Après quelques modifications, elle fut reprise la
saison suivante, le 15 octobre 1791,
puis le 22 octobre, avant de chuter définitivement après une ultime
représentation, le 11 octobre 1792.
Ni le changement de théâtre et l’accueil sur une scène
plus vaste à la faveur du déménagement de la troupe de Drury Lane au King’s
Theatre reconstruit, ne purent empêcher la désaffection du public.
Le manager
du Théâtre, le tragédien John Philip
Kemble la qualifia de « Ennuyeux… Ennuyeux… » dans son
journal. Et le Times ironisa en
écrivant que « La Grotte de rophonius semble avoir été reléguée dans la Grotte
de l’Oubli ! »
John Adolphus, dans ses Memoirs of John Bannister, Comedian,
en 1839, rend compte de cet échec en ces mots :
« Une autre nouveauté, adaptée de la Grotta di Trifonio de l’Abbé Casti, par Prince Hoare, fut présentée élégamment de sa part à Mrs Crouch, pour son bénéfice du 3 mai. Les lecteurs qui ont pris connaissance des numéros 298 et 599 du Spectator se préparaient à voir une grotte, qui, par des moyens mystérieux, transformait la gaieté en pondération, et la sobriété en mélancolie ; mais entre les mains de Hoare, la caverne produisit des effets plus grands, changeant même l’humour en son contraire. L’idée fut vite épuisée, et Bannister en Dorilas rendit avec le meilleur effet l’intention de l’auteur. La musique de Salieri sélectionnée par Storace, et l’aide des chanteurs, hommes et femmes, procura à l’œuvre une existence temporaire, mais la pièce tomba assez vite et n’ayant jamais été imprimée, fut oubliée. »
Le ténor Michael
Kelly mentionne l’échec en précisant que l’opéra « ne rencontra pas
l’accueil qu’il pensait devoir lui être réservé. »

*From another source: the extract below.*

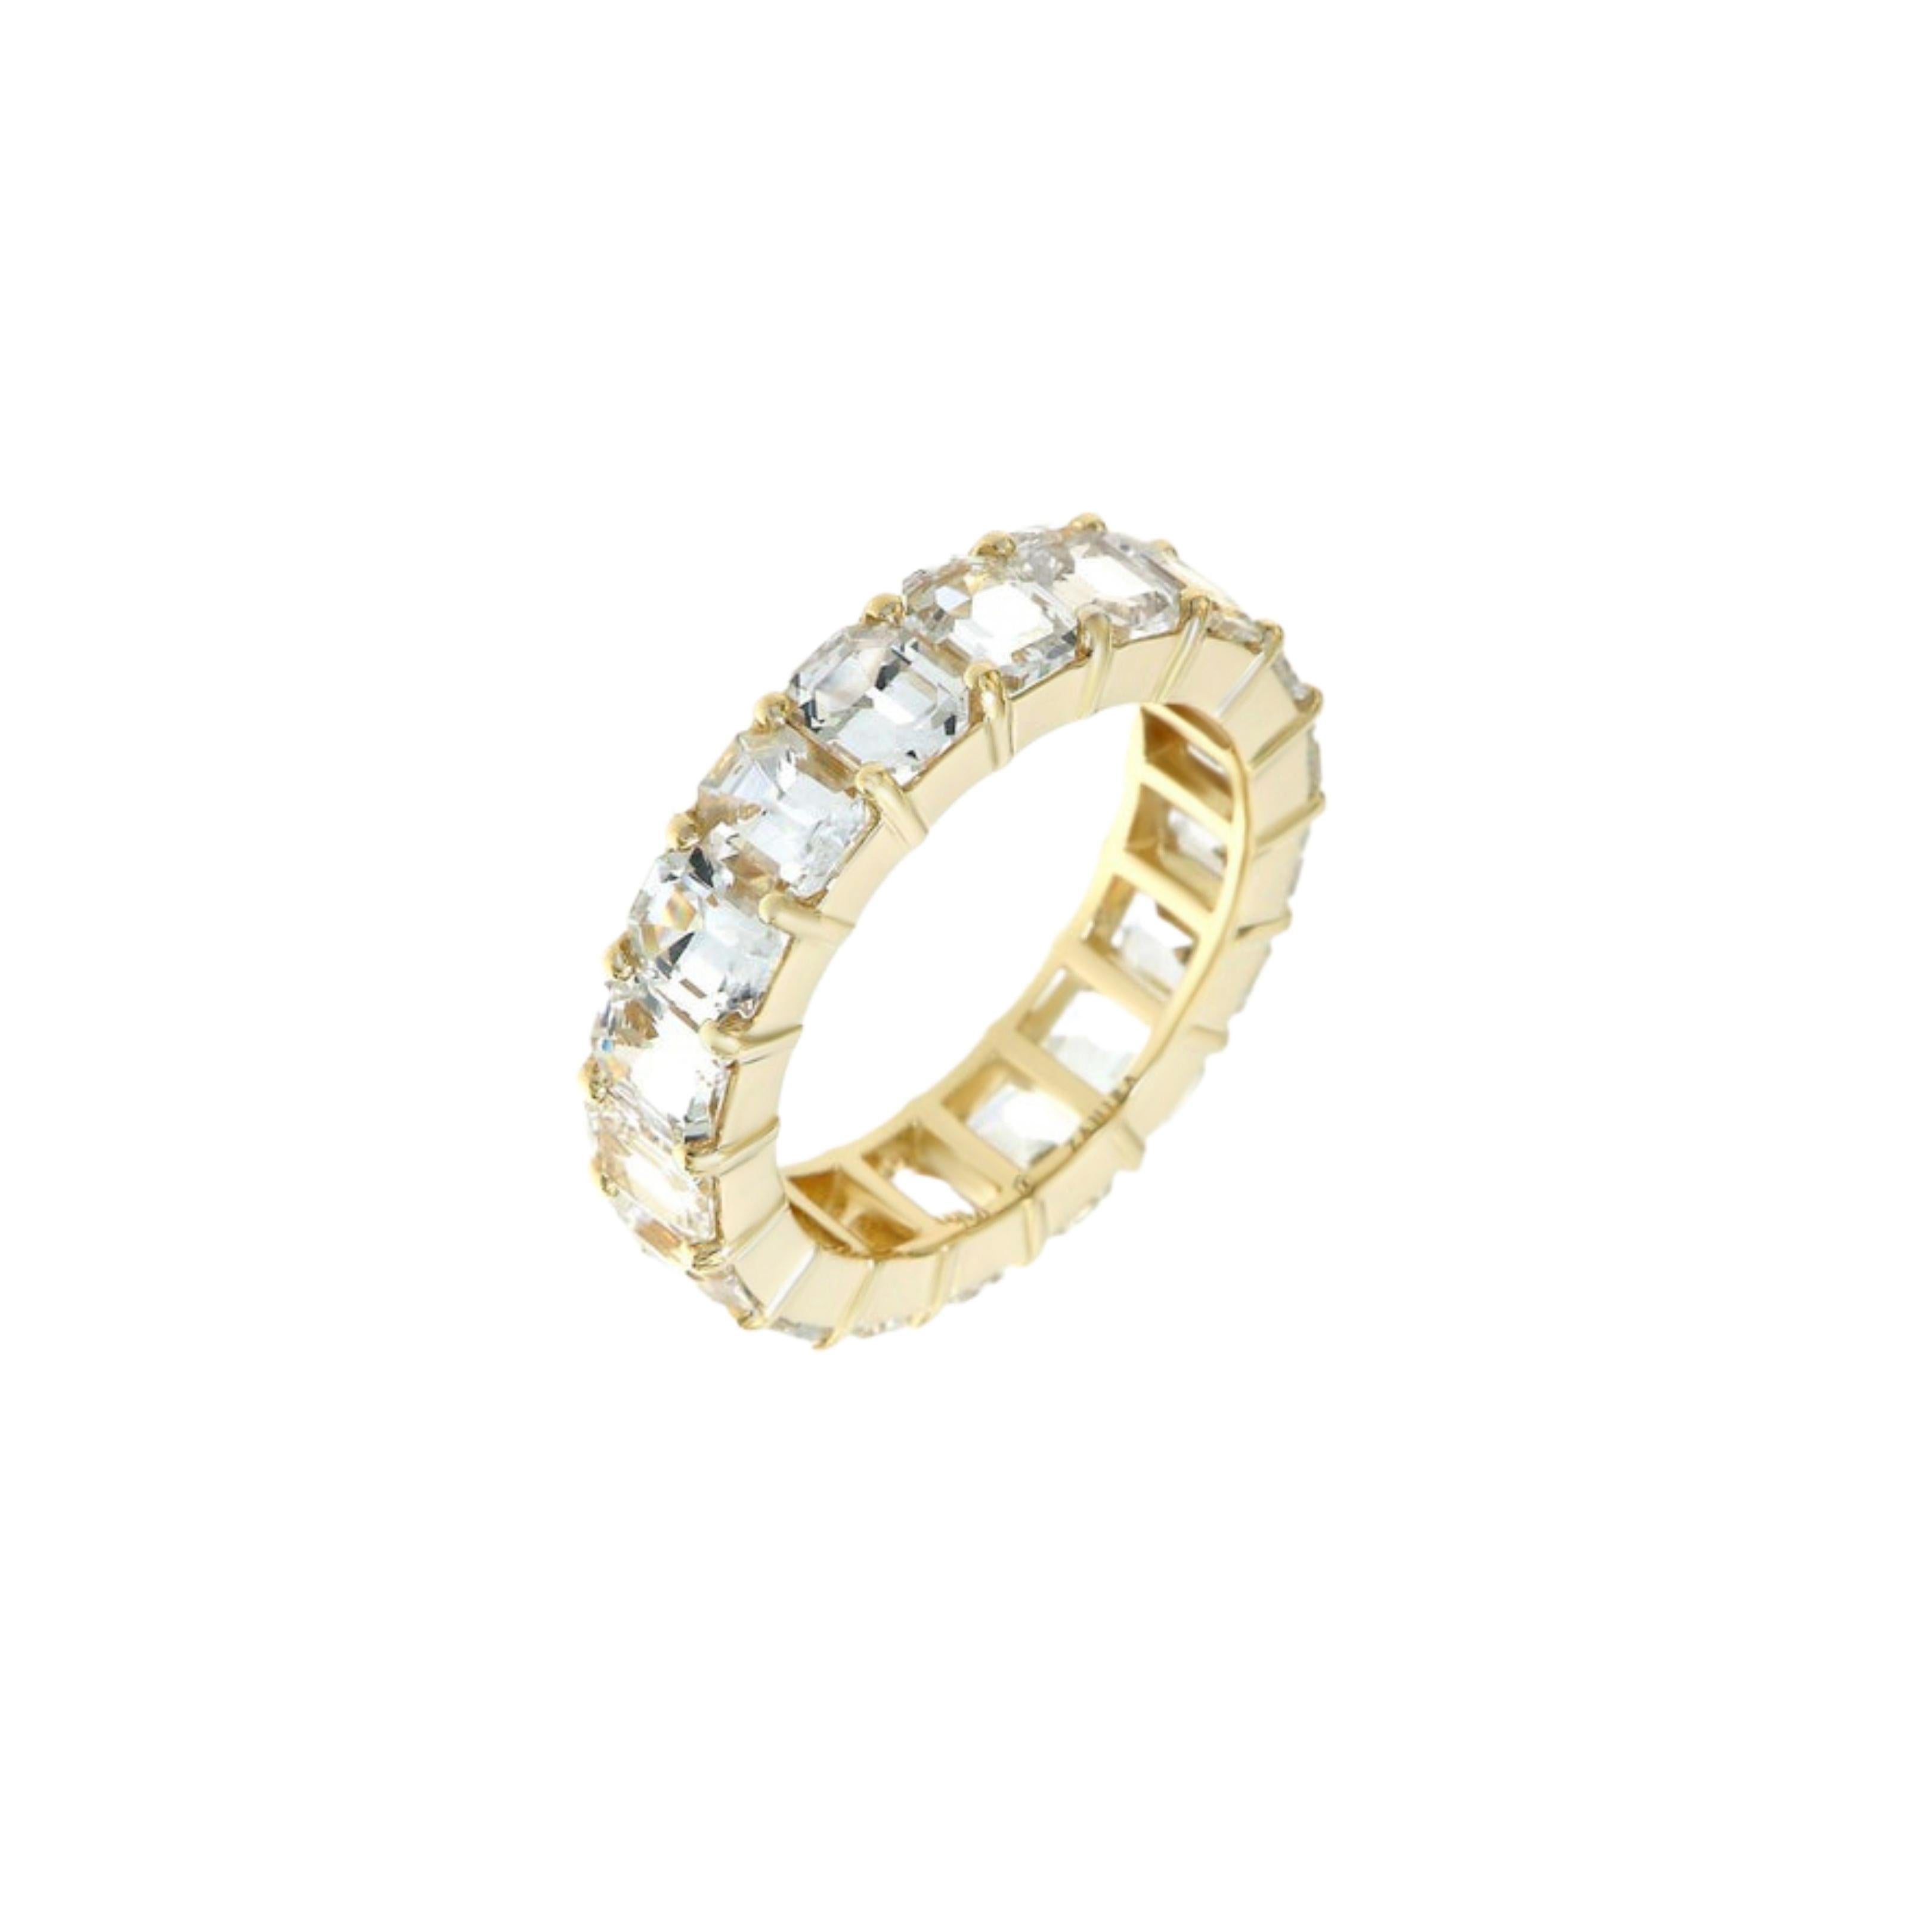 For Sale:  10.96 Carat Emerald Cut White Sapphire Eternity Band in 18 Karat Yellow Gold 2

Cette relative indifférence se manifeste par l’absence
de publication du livret complet et de la musique.
Il n’en reste donc que la copie manuscrite du livret
envoyée à John Larpent, l’Examiner of Plays, au service de la censure dépendant
du Lord Chamberlain, ainsi que quelques passages du texte imprimés en 1791 à
Londres dans Songs, Duets, Trio, and Finales, in the Cave of Trophonius.